## Dataset content
--------------------------------------------------
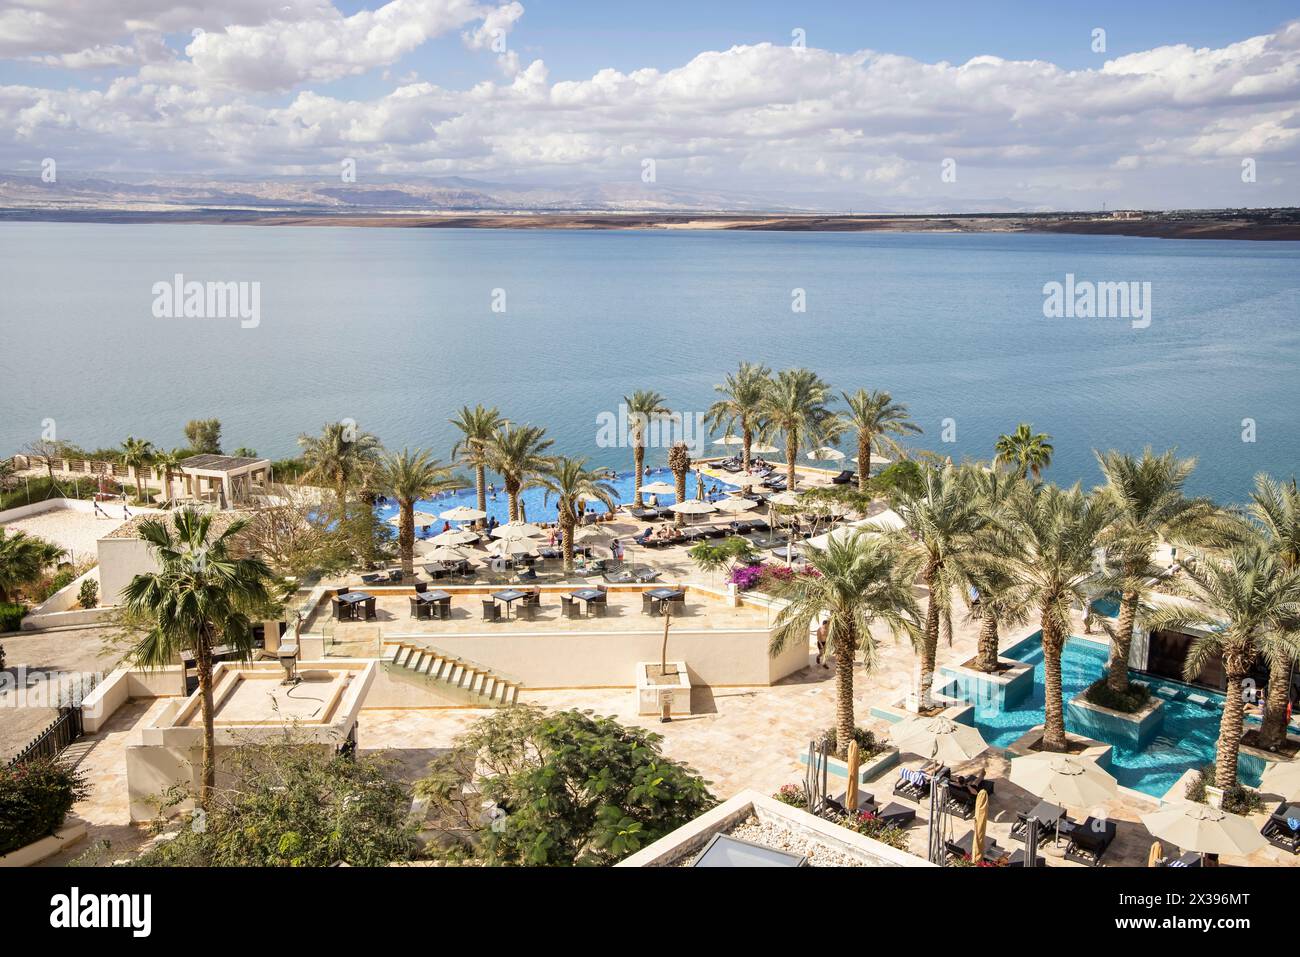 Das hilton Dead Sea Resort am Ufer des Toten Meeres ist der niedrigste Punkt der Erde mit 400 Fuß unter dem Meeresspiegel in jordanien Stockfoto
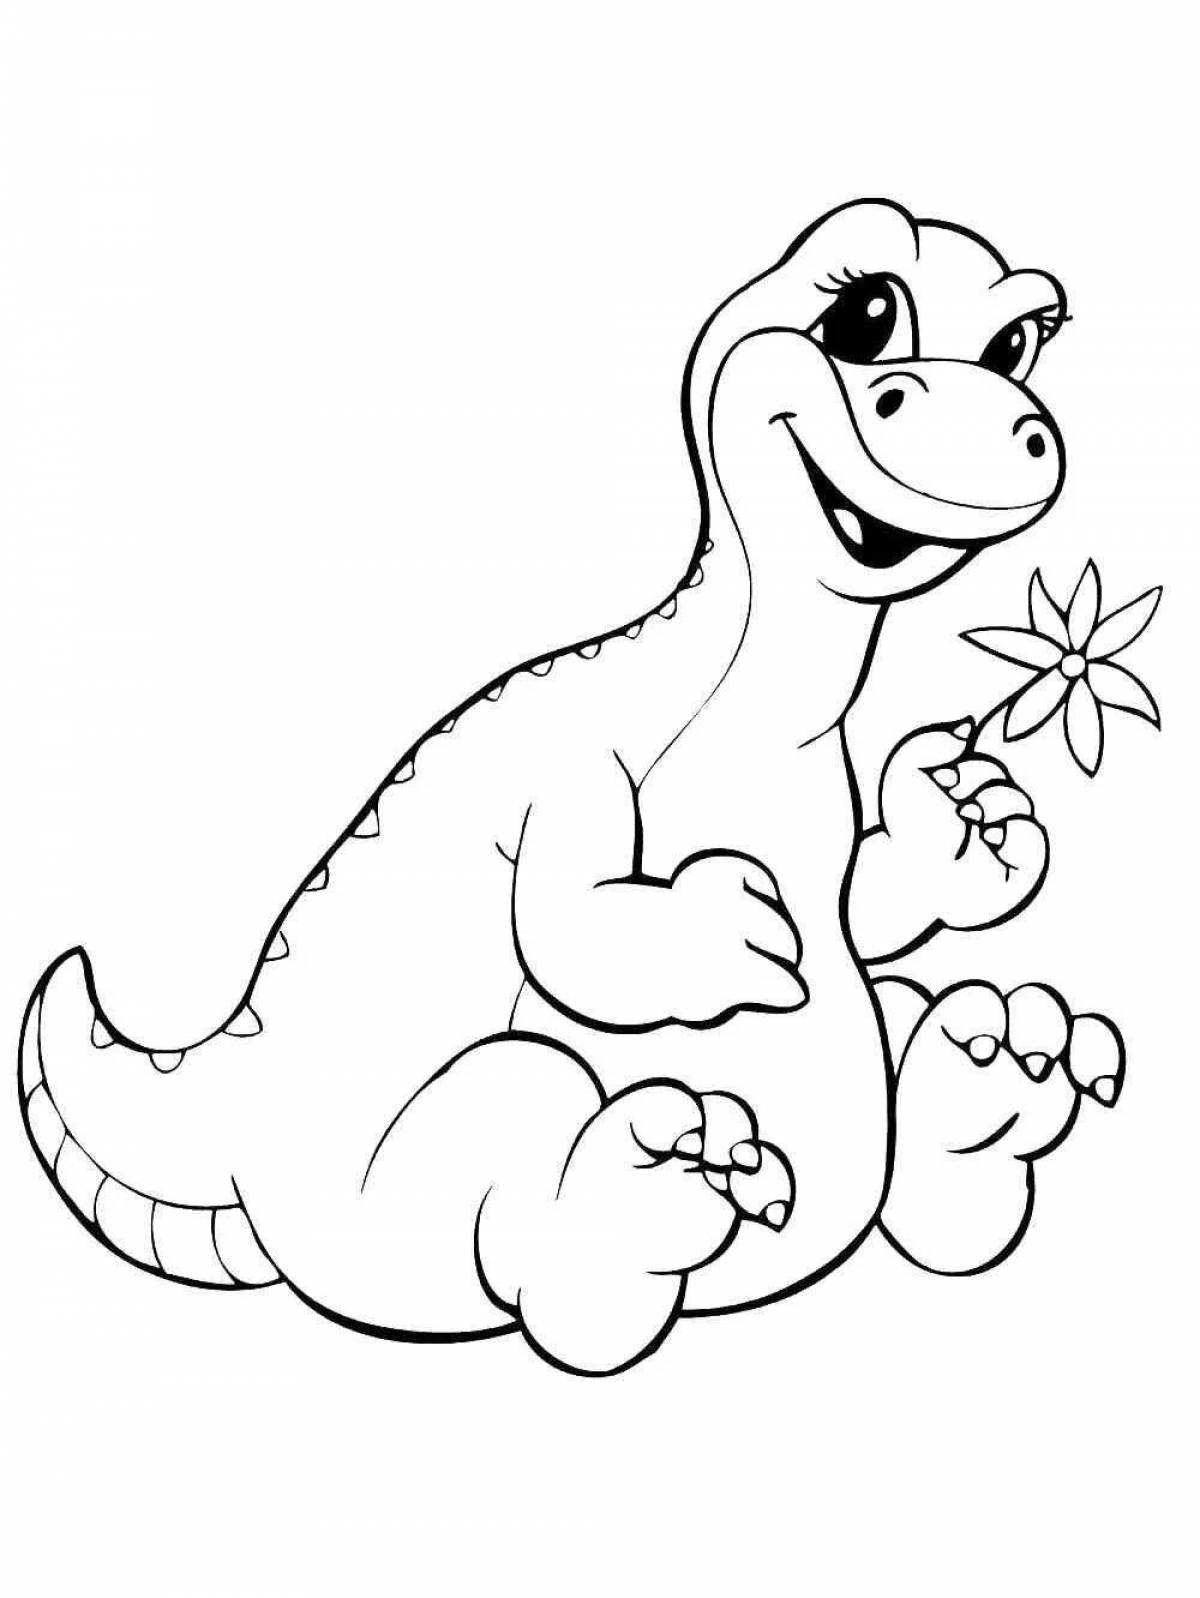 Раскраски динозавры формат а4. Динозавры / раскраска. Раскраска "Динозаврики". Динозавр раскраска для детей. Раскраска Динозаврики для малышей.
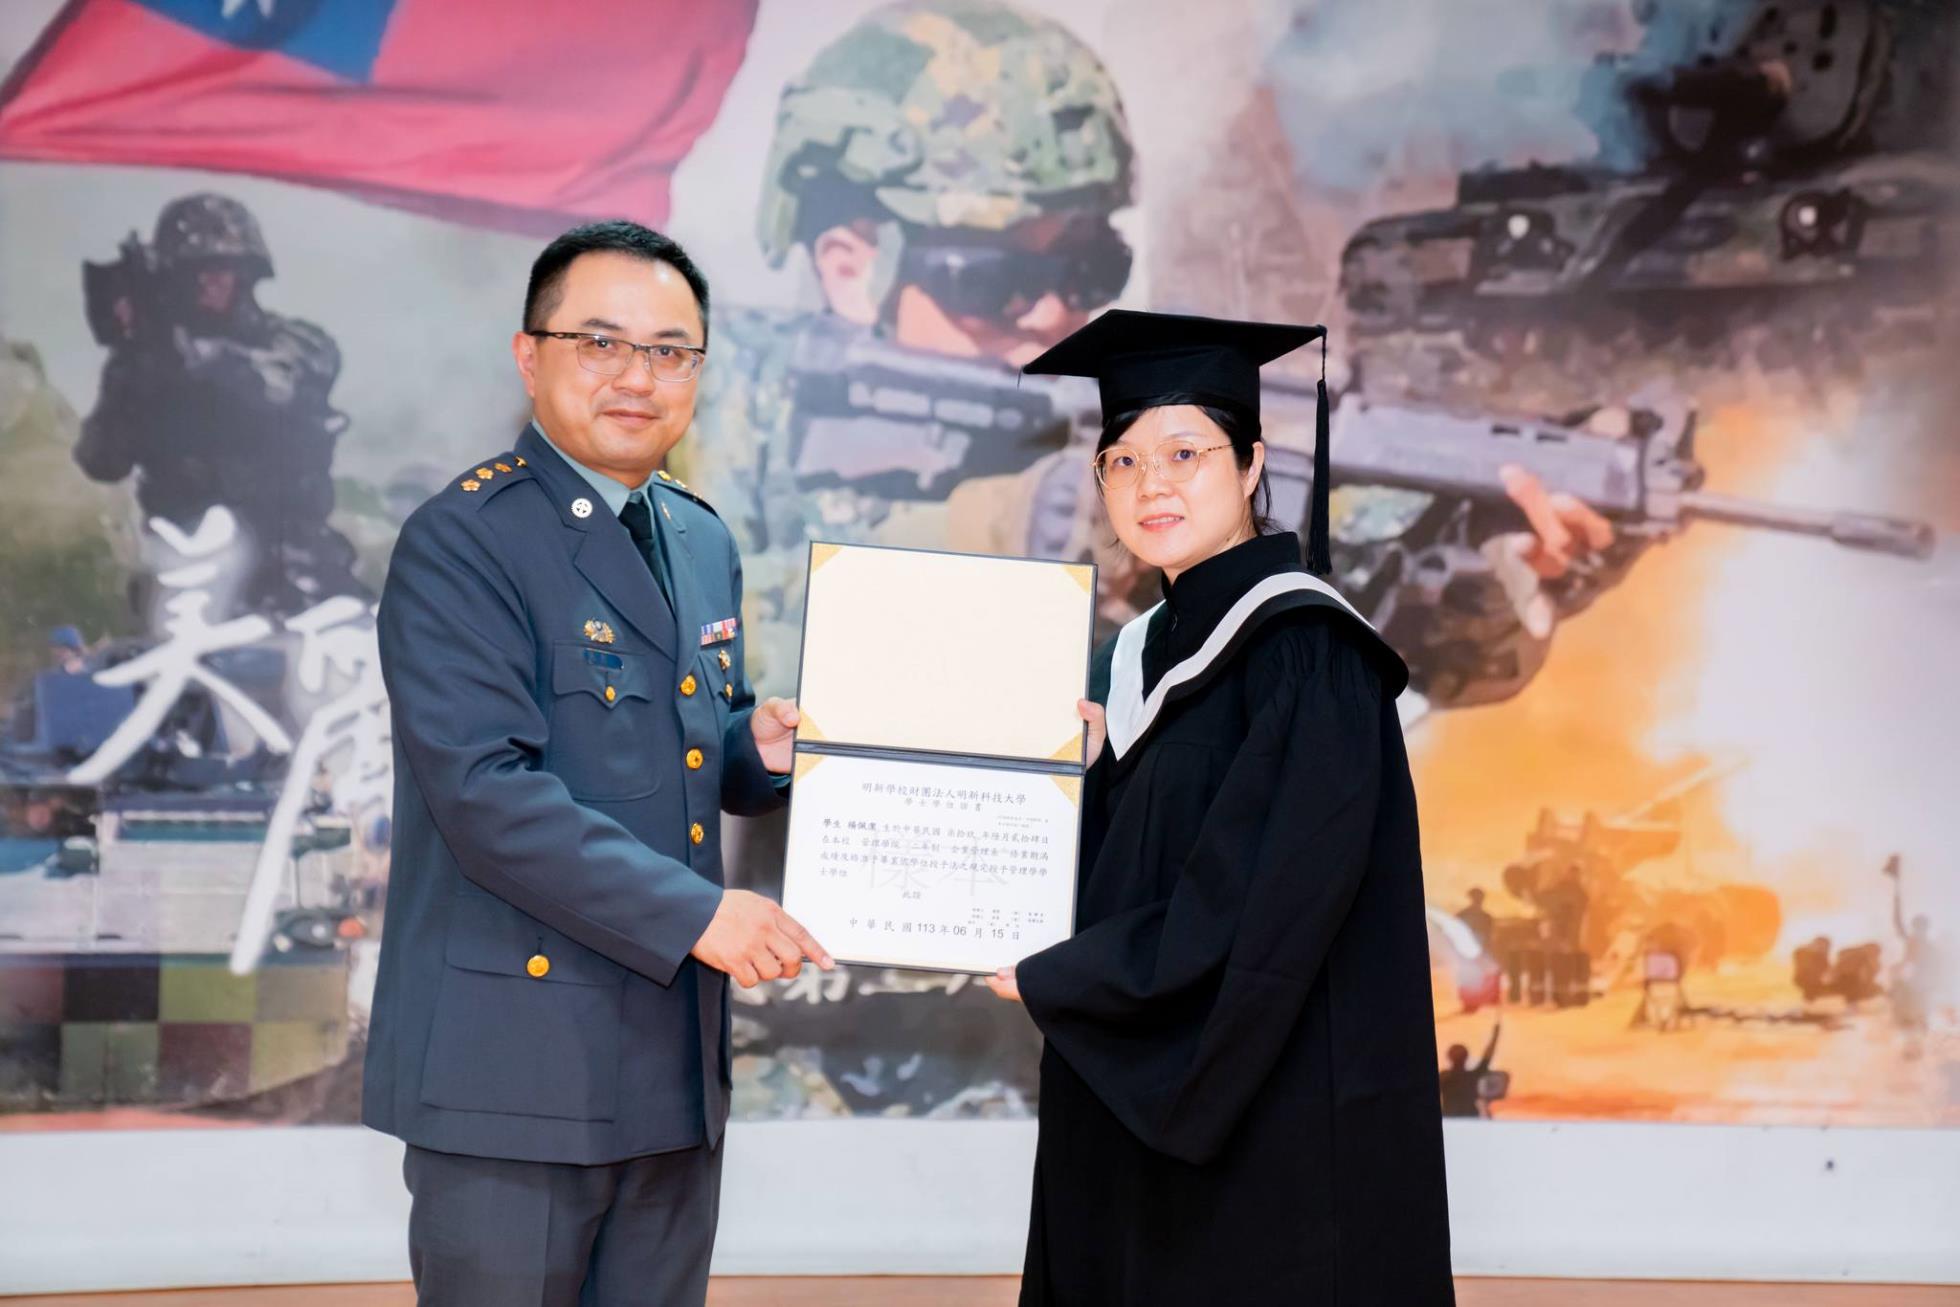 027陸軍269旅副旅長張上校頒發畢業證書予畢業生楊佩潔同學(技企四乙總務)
--------------------------------------------------
## Task goal
Once the pictures are set aside, give the rest of the material again unchanged.

## Answer section
 Das hilton Dead Sea Resort am Ufer des Toten Meeres ist der niedrigste Punkt der Erde mit 400 Fuß unter dem Meeresspiegel in jordanien Stockfoto
 Раскраски динозавры формат а4. Динозавры / раскраска. Раскраска "Динозаврики". Динозавр раскраска для детей. Раскраска Динозаврики для малышей.
 027陸軍269旅副旅長張上校頒發畢業證書予畢業生楊佩潔同學(技企四乙總務)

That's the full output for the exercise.